LEU385 (NHP dataset) is far from the intra-chain binding site and the antibody recognition site (Fig 3A). LEU385 is in the Domain III (DIII) which has an immunoglobulin C domain (IgC-like) presenting a seven-stranded fold and is supposed to contain the receptor-binding site. DIII suffers a rotation and goes closer to the fusion loop (FL), bringing the C-terminal part of DIII (residue 392) close to FL. LEU385 is 20.3 angstroms far from GLU392.

NS1 protein.

The SNV A171V (NHP dataset) is in close contact with a region called wing flexible loop (highlighted in orange in Fig 3B) and it is also a probable glycosylation site [36].

NS3 protein.

Although there is a crystallographic structure (PDB id: 1yks) of the helicase domain [37] and another containing part of NS3 complexed with NS2B (PDB id 6urv) [38] deposited in the PDB, the referred SNV occurs in the unresolved stretch. The I184V (NHP dataset) is in the linker region (shown in orange in Fig 3C, left). It connects protease and helicase domains and corresponds to sequence KEEGKEELQEIP that encompasses residues between 174 and 185. The SNV E614D (human dataset) occurs in the helicase domain and is located in the RNA binding cleft, shown in red on Fig 3C, right.

NS4a protein.

Since it has multiple transmembrane hydrophobic segments, structural analysis of NS4a has been unsuccessful and, so far, there is no structure deposited in the PDB. It is still one of the least characterized proteins from YFV. It was not possible to obtain a good structural model since the best template found had a coverage of only 37% and a sequence identity of 25.53%.

NS5 protein.

There is a recent YFV NS5 structure deposited on PDB (PDB id 6qsn) [39]. The analyzed SNVs (shown in green in Fig 3D) are N11S, the only SNV in the MTase domain; I374V and E641D, both located in the palm subdomain. These three SNVs were found on the NHP dataset. Additionally, SNV V643A, located in the palm, and R727G, in the thumb subdomain, were found in the human dataset. As depicted in Fig 3D, they (green) are located far from the Zn and sulfate ions and the ligand (S-adenosyl-L-homocysteine) (grey). They are not close to any important / conserved mentioned residue (yellow) that interact with the nucleic acid. SNV I374V is also present in ZIKV, DENV and WNV. Position E641D varies across other viruses (K, N, R). Position V643A is also not conserved being an insertion, K or N. Position R727G is S, E or T in other flaviviruses.

Discussion

Emerging and reemerging viruses present a highly complex challenge for the Brazilian public health system. Among them, arboviruses transmitted by mosquitoes are agents capable of causing serious diseases, such as hemorrhagic fevers, encephalitis and meningitis. For these reasons, real-time genomic surveillance is extremely important to guide prevention and control measures, as it allows reconstruction of the origins of epidemics and the estimation of transmission rates at different times and geographic regions, subject to environmental and human factors. In addition, genomic surveillance makes it possible to identify emerging, re-emerging, circulating and co-circulating variants, through viral genetic diversity quantification, making it possible to estimate the likelihood of new outbreaks and/or possible escapes from existing vaccines and treatments. As a result, relevant information is acquired for the design of public health policies, in addition to contributing to the development of vaccines, new drugs and improved serological and molecular diagnostic methods [40, 41].

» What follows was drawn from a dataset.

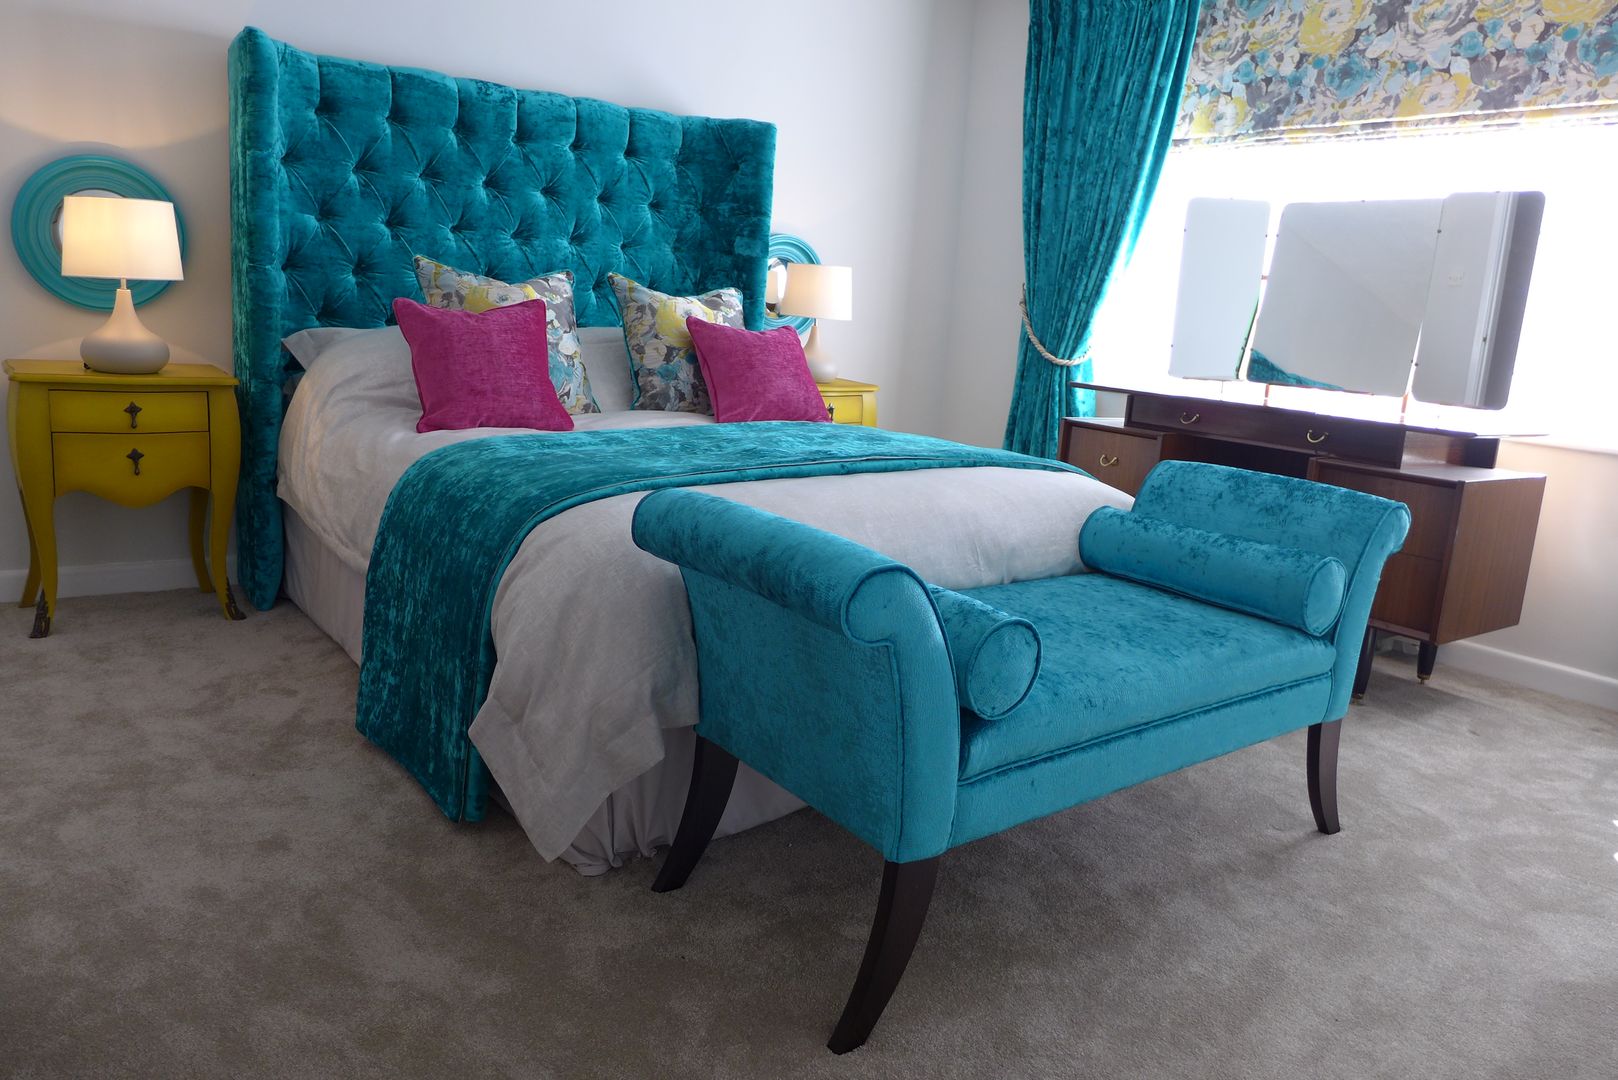 hotel style bedroom Style Within Klassische Schlafzimmer bed end chaise,blue velvet,dress curtains,roman blind,pink accents,velvet headboard,fabric headboard,boutique bedroom,hotel style bedroom
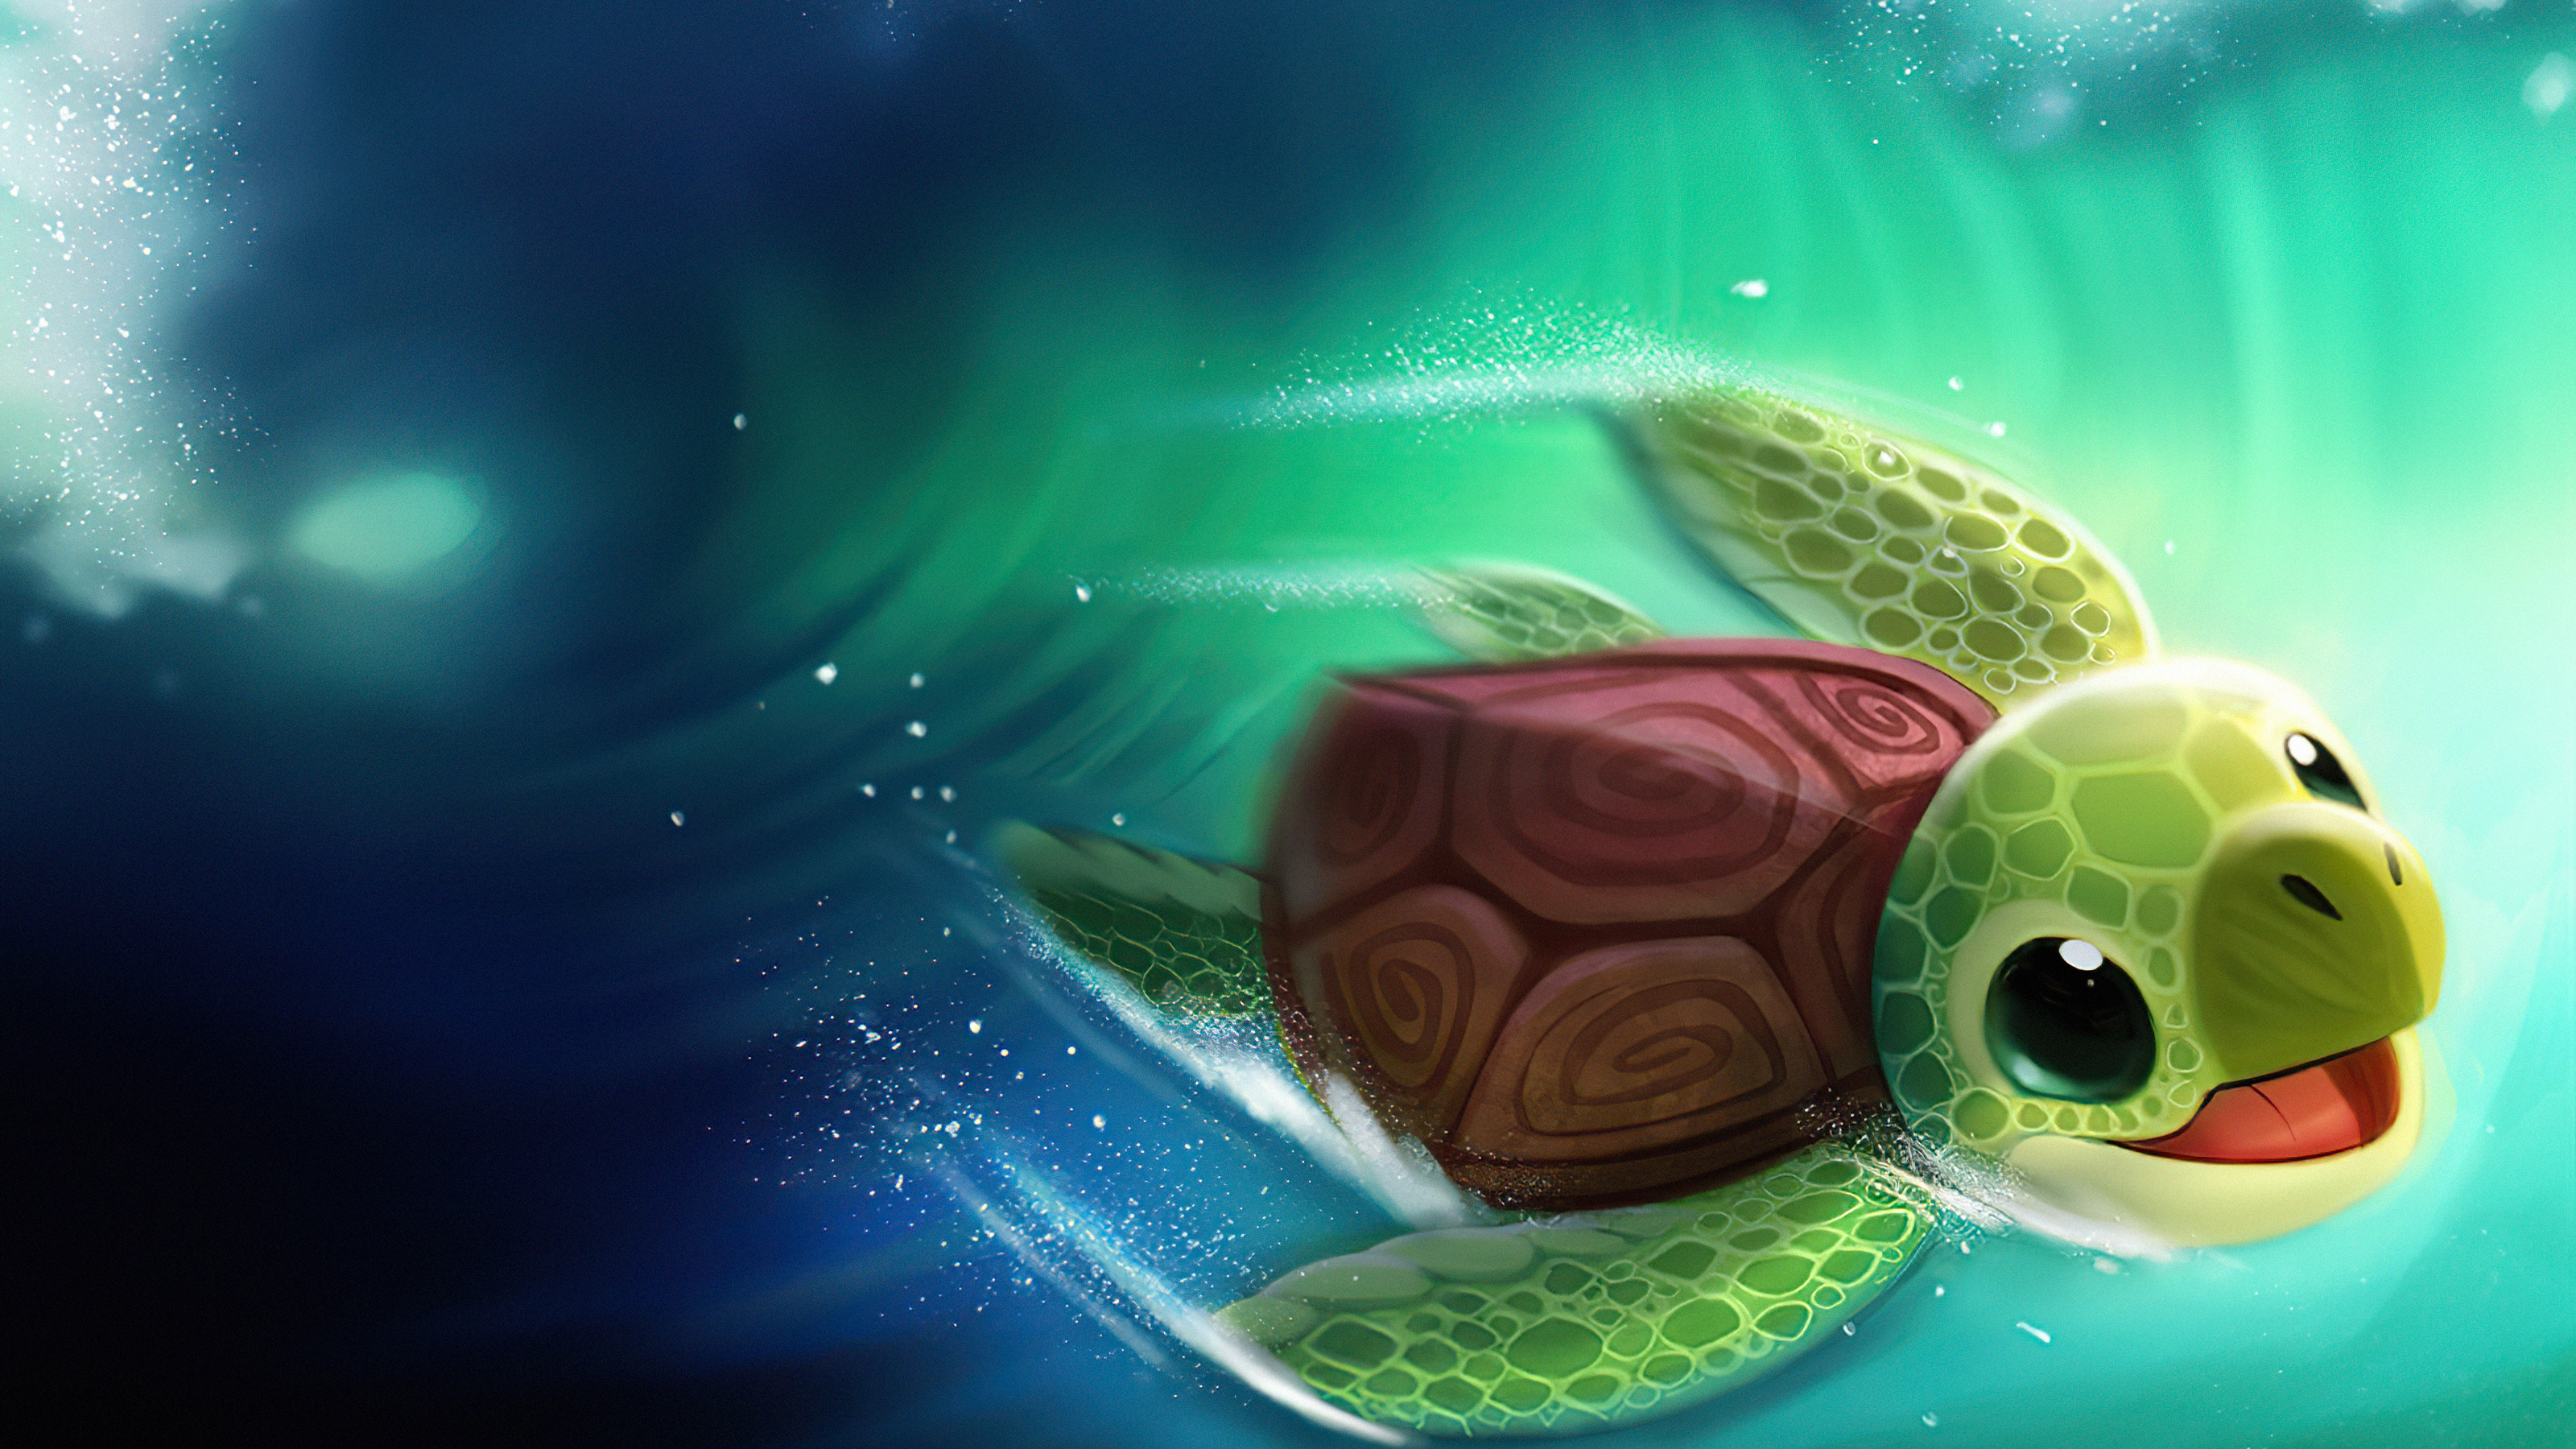 3200x1800 20+ Fantasy Turtle HD Wallpapers and Backgrounds

In this context, Brazil has become a global reference in real-time genomic surveillance, achieving fundamental results in early detection and monitoring of outbreaks. However, the large amount of data produced using next-generation sequencing platforms demands sophisticated analytical approaches, capable of dealing with complex and large datasets, aiming at the extraction of as much information as possible. In this sense, Machine Learning algorithms have been successfully used in Bioinformatics, motivating their application in the search for genetic signatures in arboviruses, associated with phenotypic or epidemiological characteristics in recent outbreaks in Brazil.

In this study, we demonstrate the potential of applying ML approaches on real-time genomic surveillance, to quickly identify genetic loci which may be of public health interest. Further studies and analytical strategies in line with the present work can help improve real-time epidemiological surveillance in Brazil and the Americas, resulting in better public health policy outcomes.

We find signals in multiple genetic loci and present a structural-based review on the potential impact of changes at those loci.

However, the limited number of sequences analyzed demands caution when presenting the results. A large number of high-quality sequences is ideal for the application of ML analysis, especially when dealing with viruses, whose high mutation rates tend to insert many variations on its genomes. Furthermore, our analysis didn’t consider virus-host interactions, such as host genome or immune system and pre-existing health conditions. In this regard, efficient host data collection, such as Electronic Health Records (EHR), are of paramount importance for a thorough investigation of clinical outcomes.

The envelope (E) protein is related to virus attachment and fusion [42]. NHP dataset analysis shows SNV L395F on Domain III, a region containing an IgC-like domain and supposed to contain a receptor-binding site crucial for virion maturation [43]. It is possible that this SNV could have an impact on the plasticity of this domain and affect the virus’ receptor-binding site and it would be interesting to investigate this behaviour through simulations of molecular dynamics in future work.

NS1 protein is a crucial non-structural protein [36]. We found a non-synonymous SNV (A171V) on NHP dataset, located near a highly flexible region on the protein, called the wing flexible loop, which is a probable glycosylation site (GS) [44]. NS1 is also a key protein secreted by infected cells, which has the potential to interact with the adaptive immune system responses [36]. In dengue infections, NS1 is known to modulate capillary leakage in severe disease and may thus have a role to play in the severity of YFV infection [45, p.].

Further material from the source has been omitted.